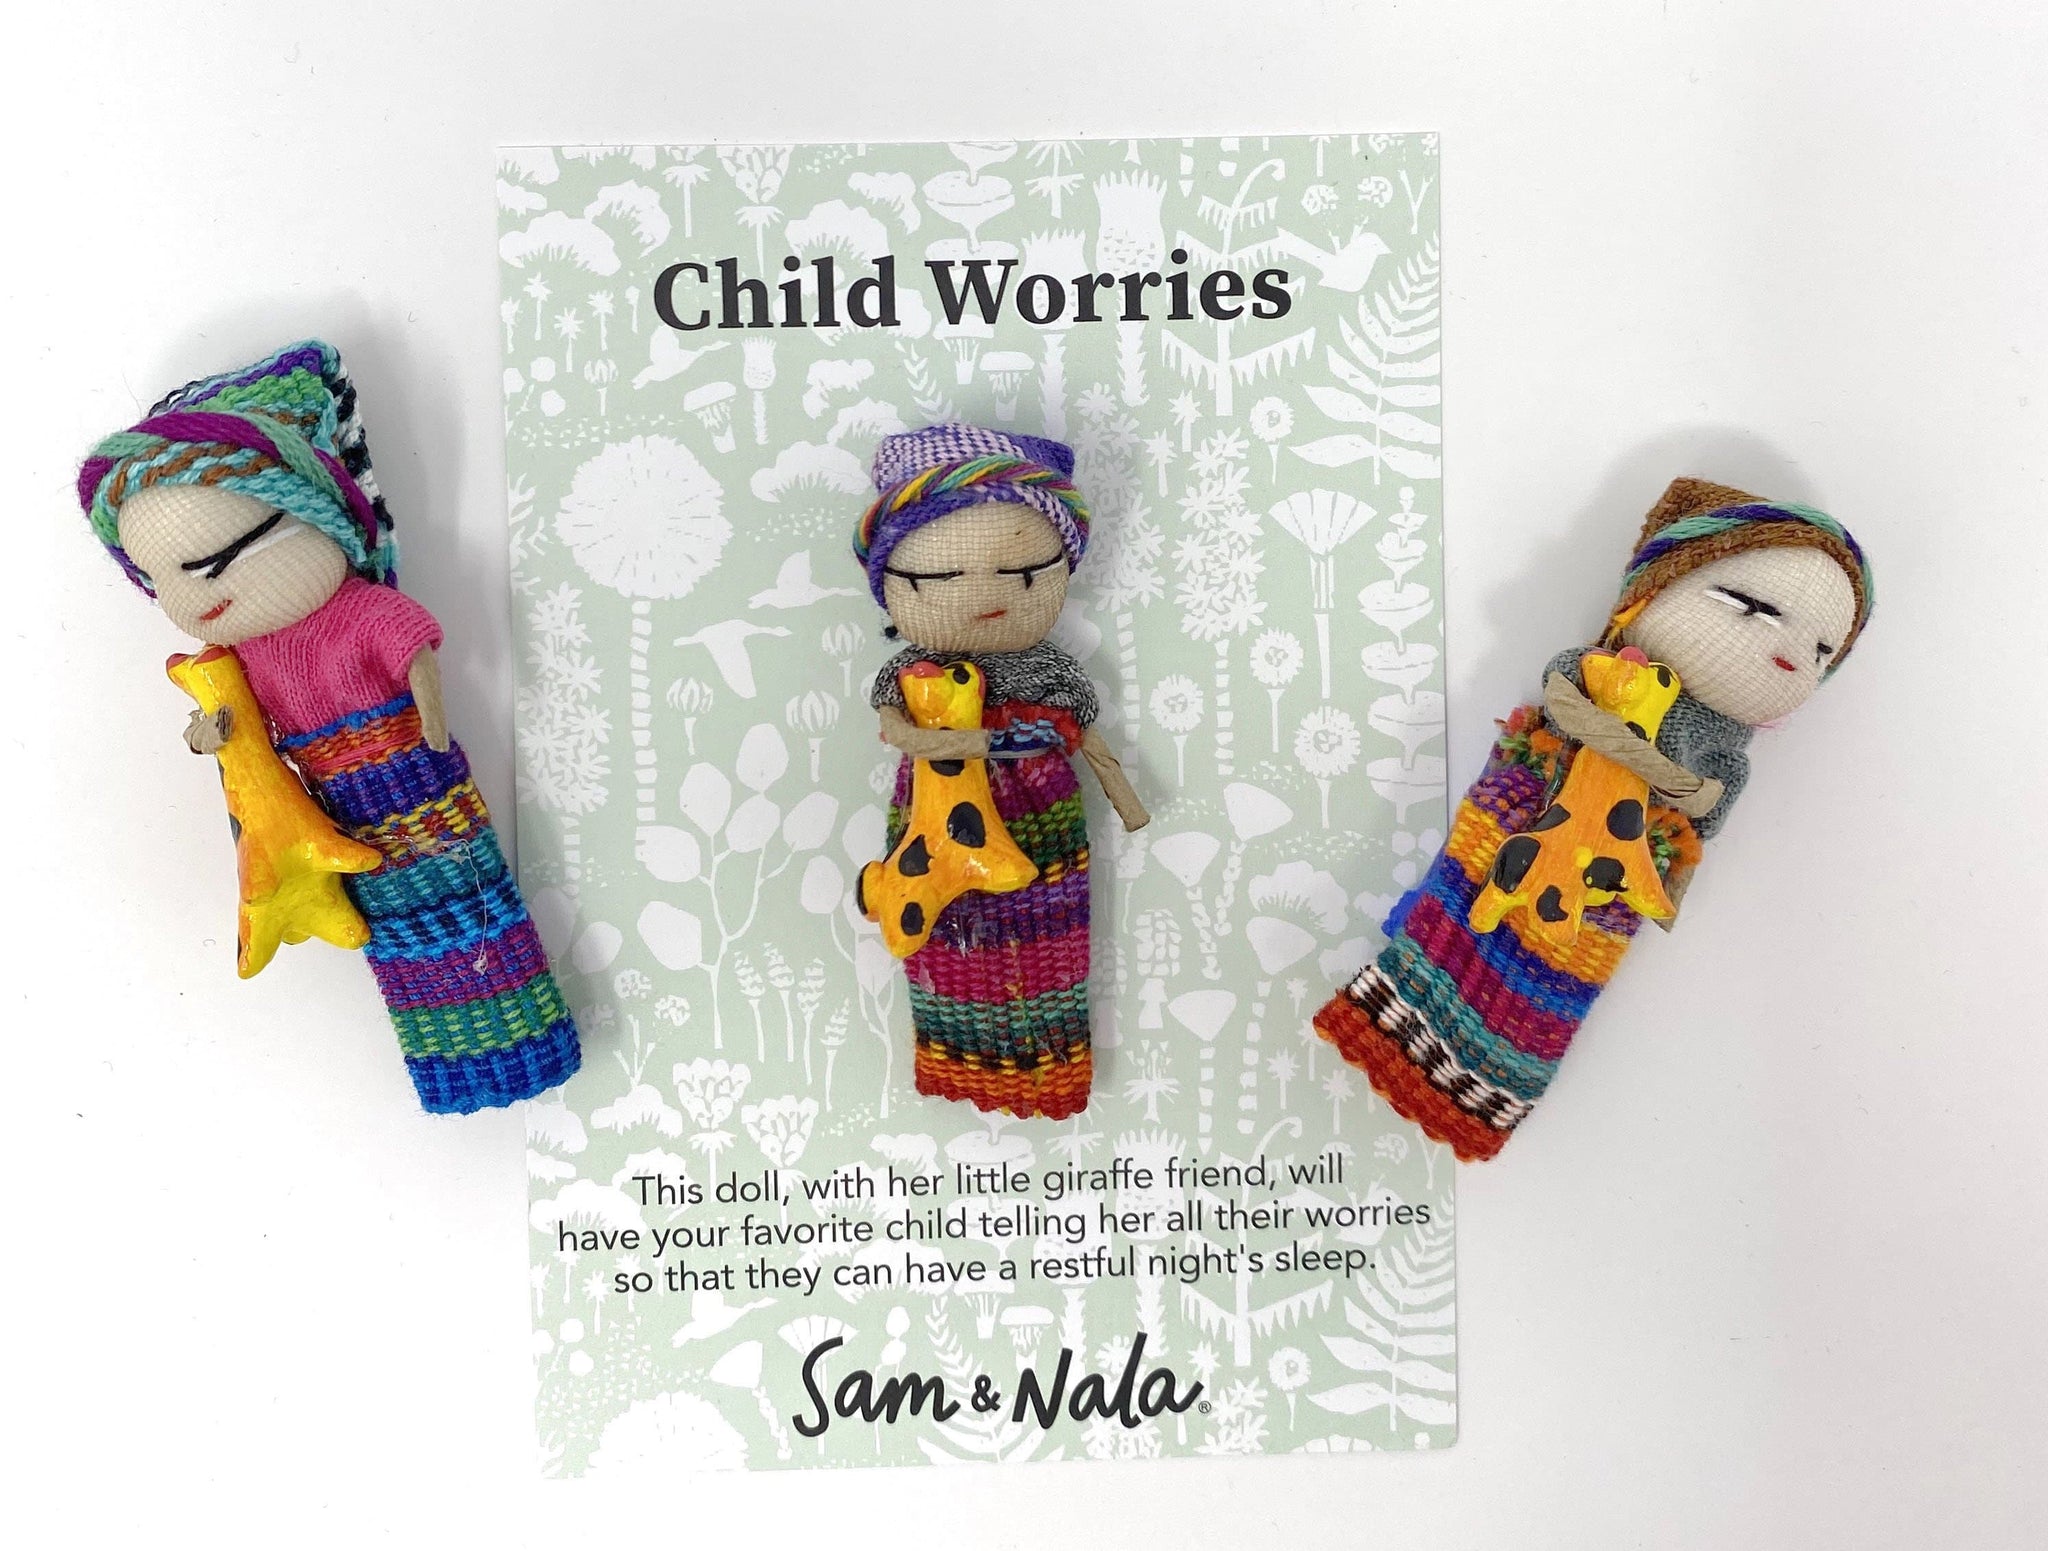 Hand-Woven Worry Dolls - Sleep
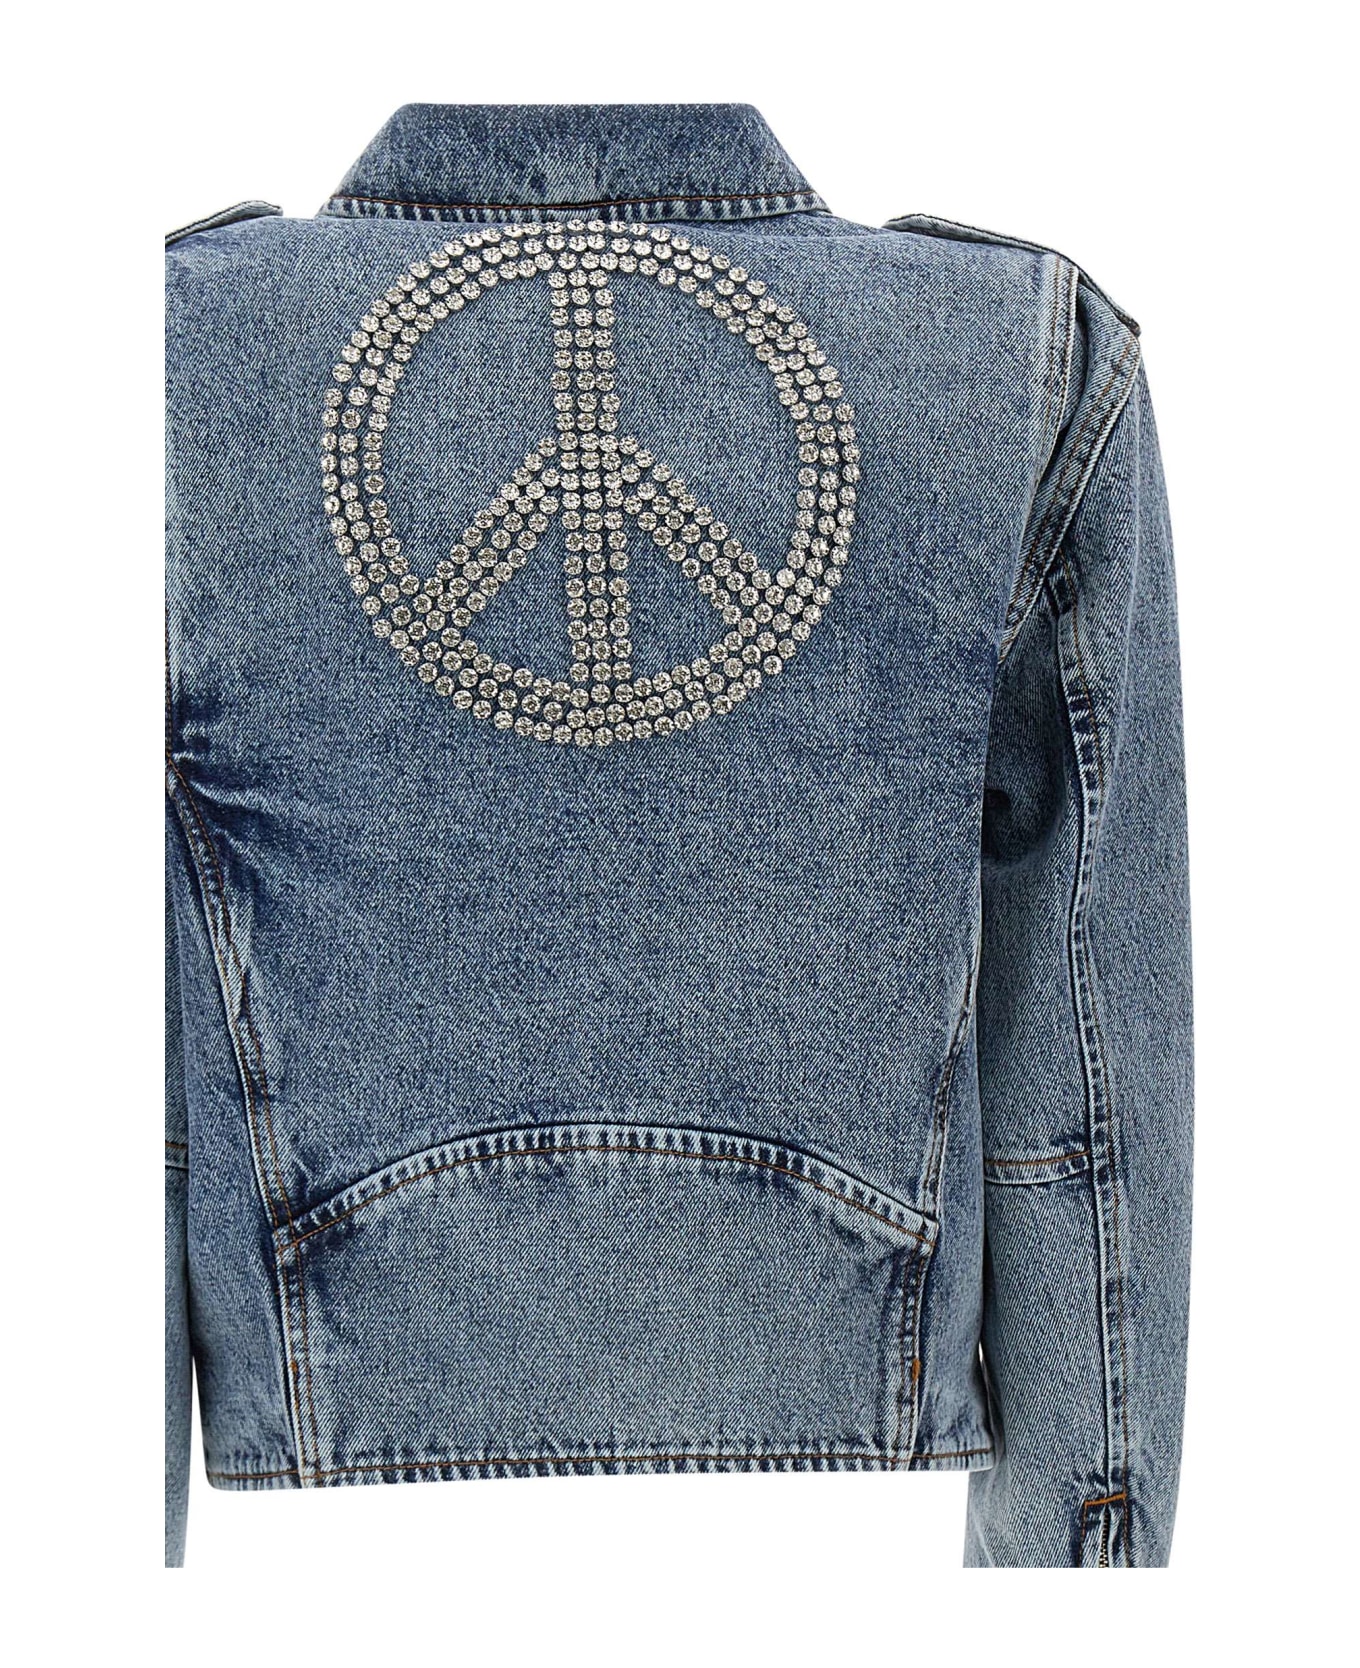 M05CH1N0 Jeans 'peace Symbol' Biker Jacket - BLUE
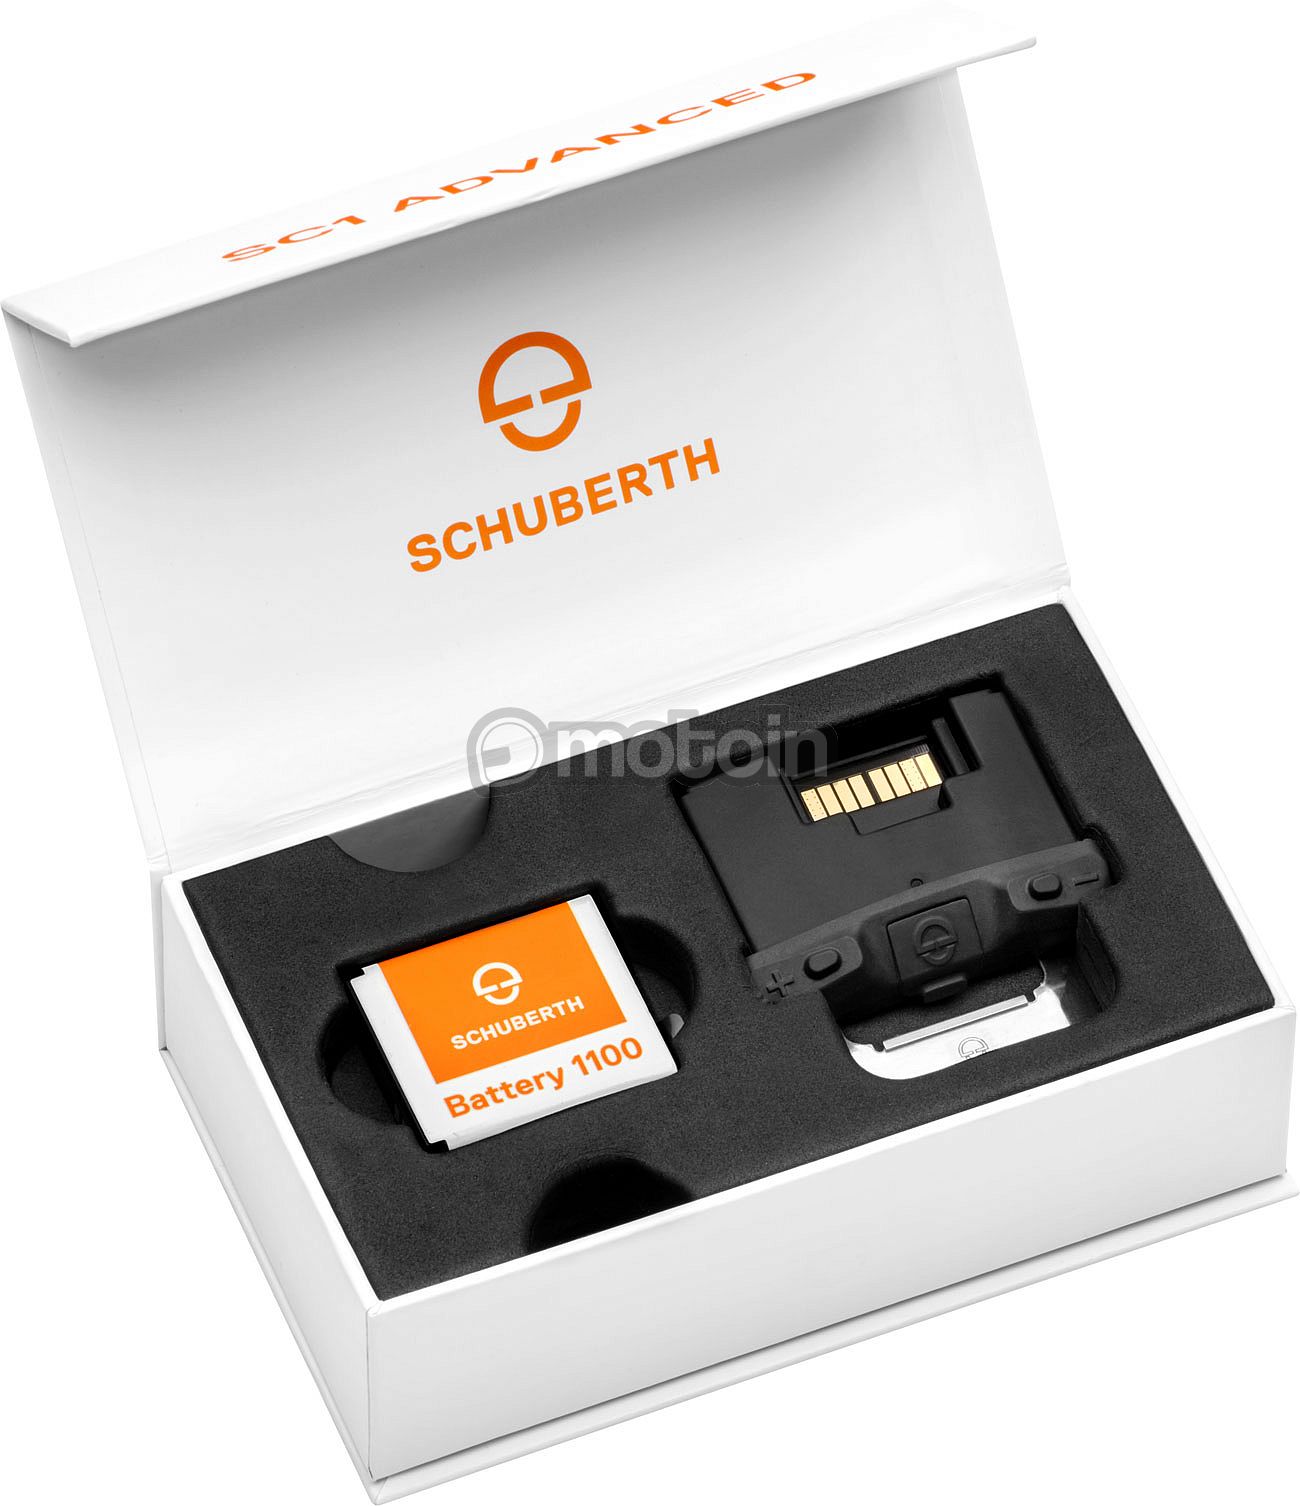 Schuberth SC1 Advanced, Kommunikationssystem

What is being asked | Output each line exactly as shown above; no pictures go in the copy.

Answer space |
 Hand-Woven Worry Dolls - Sleep
 M05CH1N0 Jeans 'peace Symbol' Biker Jacket - BLUE
 Schuberth SC1 Advanced, Kommunikationssystem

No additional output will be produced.